(Beginning of Provided records)

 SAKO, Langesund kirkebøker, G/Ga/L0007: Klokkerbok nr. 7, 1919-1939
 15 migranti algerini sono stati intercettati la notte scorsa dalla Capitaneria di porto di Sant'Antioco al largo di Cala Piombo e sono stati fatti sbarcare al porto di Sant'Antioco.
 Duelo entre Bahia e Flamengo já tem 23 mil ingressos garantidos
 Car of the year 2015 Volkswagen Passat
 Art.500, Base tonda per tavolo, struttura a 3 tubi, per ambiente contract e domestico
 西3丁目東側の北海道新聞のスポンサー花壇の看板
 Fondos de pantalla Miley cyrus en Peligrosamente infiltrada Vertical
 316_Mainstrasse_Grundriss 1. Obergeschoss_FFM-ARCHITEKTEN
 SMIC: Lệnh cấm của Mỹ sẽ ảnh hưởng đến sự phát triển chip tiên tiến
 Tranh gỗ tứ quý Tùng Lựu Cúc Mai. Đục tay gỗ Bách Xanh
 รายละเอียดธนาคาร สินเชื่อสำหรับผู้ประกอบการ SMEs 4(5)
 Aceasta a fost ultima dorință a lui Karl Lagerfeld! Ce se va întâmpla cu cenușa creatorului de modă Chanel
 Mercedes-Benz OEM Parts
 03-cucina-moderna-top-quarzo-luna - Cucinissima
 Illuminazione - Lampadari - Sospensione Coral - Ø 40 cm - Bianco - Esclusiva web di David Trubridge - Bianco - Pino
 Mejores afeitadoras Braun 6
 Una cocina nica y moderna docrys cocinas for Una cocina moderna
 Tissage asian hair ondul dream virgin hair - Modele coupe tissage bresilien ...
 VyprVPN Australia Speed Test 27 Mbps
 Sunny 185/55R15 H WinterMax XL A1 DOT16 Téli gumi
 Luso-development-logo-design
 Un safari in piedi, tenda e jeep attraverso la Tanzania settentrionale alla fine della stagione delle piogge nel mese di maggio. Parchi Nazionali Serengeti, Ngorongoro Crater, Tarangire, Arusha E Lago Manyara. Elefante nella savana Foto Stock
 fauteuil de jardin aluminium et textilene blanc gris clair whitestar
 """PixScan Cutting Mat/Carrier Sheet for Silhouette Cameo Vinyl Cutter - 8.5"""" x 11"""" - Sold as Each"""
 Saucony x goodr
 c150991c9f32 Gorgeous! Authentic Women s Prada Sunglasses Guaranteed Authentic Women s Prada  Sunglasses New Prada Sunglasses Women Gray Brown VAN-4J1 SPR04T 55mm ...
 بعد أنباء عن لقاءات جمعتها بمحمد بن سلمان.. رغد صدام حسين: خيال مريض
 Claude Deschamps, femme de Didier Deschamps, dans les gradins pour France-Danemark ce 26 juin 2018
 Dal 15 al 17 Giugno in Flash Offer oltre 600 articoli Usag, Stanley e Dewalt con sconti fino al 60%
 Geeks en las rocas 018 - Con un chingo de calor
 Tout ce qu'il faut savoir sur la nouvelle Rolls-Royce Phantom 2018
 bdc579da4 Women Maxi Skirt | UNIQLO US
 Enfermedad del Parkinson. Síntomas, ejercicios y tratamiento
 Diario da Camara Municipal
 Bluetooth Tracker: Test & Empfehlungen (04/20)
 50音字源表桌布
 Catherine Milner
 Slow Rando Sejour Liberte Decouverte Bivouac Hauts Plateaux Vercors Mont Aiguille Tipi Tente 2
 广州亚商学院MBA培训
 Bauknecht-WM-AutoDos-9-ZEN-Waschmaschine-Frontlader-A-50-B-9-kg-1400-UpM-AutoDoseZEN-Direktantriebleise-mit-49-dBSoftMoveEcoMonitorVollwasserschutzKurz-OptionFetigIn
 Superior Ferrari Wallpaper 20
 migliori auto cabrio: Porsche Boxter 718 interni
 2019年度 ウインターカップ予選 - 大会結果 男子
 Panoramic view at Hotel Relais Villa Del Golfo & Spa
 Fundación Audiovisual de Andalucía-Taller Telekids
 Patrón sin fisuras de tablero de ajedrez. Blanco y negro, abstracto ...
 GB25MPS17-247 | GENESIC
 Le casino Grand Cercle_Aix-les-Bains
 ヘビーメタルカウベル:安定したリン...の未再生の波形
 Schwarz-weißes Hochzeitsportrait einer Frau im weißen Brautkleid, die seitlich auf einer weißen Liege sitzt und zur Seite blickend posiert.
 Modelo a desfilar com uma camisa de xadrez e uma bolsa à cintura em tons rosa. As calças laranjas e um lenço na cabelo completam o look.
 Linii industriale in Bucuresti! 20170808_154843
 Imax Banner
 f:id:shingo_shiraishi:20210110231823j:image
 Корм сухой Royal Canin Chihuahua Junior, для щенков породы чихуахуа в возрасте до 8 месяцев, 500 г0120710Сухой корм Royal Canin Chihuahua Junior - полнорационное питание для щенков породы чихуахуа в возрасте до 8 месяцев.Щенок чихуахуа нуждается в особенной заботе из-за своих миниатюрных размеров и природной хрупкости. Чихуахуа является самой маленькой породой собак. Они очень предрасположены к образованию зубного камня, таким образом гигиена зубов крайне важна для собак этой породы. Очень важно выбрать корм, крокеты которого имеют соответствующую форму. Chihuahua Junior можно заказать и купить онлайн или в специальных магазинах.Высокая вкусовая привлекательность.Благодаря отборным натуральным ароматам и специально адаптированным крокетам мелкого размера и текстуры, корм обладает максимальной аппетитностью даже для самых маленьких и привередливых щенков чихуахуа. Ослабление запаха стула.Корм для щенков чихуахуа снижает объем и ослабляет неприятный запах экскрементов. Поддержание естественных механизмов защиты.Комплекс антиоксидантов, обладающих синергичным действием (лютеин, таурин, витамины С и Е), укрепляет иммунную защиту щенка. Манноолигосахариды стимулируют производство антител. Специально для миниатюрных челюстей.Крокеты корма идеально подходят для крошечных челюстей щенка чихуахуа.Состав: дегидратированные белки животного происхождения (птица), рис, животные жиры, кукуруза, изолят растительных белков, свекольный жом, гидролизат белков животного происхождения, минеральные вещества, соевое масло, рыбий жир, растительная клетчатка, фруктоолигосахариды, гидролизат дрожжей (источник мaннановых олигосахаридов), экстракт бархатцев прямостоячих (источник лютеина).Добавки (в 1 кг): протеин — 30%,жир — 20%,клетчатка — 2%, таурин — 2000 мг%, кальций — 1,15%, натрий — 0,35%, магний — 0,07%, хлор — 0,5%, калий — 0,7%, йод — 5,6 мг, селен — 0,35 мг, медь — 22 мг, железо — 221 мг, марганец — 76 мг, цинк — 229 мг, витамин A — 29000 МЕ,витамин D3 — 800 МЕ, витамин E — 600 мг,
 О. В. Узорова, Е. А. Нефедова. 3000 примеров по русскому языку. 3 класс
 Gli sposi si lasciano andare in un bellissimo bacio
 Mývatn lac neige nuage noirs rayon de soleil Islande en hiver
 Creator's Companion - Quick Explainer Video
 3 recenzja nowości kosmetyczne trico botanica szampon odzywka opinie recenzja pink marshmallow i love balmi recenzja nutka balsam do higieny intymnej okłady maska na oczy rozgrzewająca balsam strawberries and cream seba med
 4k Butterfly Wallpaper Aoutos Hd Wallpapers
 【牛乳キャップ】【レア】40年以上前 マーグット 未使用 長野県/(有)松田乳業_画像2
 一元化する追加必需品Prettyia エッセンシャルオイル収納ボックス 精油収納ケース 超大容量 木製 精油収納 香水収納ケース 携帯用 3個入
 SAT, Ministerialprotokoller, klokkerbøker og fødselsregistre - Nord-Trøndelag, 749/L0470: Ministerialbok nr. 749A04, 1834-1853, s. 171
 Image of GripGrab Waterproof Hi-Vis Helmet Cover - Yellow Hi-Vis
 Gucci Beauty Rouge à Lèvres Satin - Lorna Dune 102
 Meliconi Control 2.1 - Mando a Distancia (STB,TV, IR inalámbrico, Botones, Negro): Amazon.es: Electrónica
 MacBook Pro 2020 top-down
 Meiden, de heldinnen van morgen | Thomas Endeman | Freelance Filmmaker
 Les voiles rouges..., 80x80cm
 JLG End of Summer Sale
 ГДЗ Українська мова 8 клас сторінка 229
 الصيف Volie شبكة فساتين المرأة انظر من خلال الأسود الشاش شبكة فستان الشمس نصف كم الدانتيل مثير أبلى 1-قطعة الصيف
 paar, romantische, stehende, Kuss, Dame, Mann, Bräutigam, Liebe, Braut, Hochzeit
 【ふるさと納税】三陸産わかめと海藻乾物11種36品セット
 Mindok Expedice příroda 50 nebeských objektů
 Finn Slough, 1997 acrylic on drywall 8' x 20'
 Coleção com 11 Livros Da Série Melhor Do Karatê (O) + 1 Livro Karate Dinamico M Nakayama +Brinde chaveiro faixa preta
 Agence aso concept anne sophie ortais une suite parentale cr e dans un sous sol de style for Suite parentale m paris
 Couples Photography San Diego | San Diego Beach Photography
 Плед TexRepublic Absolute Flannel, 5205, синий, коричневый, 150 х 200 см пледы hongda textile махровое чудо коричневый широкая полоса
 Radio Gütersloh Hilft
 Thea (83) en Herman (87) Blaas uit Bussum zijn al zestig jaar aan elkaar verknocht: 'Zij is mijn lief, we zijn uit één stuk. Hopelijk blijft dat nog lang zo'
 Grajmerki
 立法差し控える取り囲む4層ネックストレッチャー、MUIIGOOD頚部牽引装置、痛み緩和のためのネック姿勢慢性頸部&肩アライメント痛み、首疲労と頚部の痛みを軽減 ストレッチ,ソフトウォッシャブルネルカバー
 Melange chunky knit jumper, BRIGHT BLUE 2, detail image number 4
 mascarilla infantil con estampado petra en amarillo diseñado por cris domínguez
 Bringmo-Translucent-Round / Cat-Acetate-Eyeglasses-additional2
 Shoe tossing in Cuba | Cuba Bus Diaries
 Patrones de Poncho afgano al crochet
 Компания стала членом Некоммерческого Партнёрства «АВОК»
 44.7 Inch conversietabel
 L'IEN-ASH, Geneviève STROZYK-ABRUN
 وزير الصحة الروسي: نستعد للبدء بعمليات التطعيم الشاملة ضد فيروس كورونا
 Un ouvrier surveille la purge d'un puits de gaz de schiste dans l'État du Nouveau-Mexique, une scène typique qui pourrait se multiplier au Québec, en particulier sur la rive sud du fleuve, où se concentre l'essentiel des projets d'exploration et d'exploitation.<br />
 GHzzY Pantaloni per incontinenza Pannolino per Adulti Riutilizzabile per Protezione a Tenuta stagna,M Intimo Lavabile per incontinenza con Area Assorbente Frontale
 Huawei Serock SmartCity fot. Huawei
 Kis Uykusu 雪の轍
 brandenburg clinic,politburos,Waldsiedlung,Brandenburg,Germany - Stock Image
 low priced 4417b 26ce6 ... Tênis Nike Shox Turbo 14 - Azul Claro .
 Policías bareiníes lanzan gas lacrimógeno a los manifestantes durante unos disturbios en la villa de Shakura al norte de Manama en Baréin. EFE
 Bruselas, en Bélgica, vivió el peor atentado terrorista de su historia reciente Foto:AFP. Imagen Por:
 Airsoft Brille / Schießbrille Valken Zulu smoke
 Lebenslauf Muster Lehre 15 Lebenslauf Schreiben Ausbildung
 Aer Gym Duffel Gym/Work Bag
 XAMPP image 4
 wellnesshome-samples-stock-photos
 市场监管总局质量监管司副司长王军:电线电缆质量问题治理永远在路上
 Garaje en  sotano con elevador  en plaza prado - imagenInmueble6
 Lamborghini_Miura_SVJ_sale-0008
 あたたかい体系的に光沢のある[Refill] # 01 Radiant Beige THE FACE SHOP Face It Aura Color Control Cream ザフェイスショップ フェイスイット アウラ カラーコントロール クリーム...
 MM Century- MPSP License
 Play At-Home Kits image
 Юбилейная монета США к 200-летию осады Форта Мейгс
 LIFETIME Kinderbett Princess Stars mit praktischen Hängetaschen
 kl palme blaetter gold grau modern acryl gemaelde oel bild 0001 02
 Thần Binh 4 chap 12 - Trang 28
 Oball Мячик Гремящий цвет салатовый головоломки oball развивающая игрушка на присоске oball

(End of Provided records)

§ **What you have to do**: The entries above hold the needed span. Transcribe exactly the lines from the one with "Mindok Expedice příroda 50 nebeských objektů" to the one with "Couples Photography San", both included.

§ **Reply to the exercise**:
 Mindok Expedice příroda 50 nebeských objektů
 Finn Slough, 1997 acrylic on drywall 8' x 20'
 Coleção com 11 Livros Da Série Melhor Do Karatê (O) + 1 Livro Karate Dinamico M Nakayama +Brinde chaveiro faixa preta
 Agence aso concept anne sophie ortais une suite parentale cr e dans un sous sol de style for Suite parentale m paris
 Couples Photography San Diego | San Diego Beach Photography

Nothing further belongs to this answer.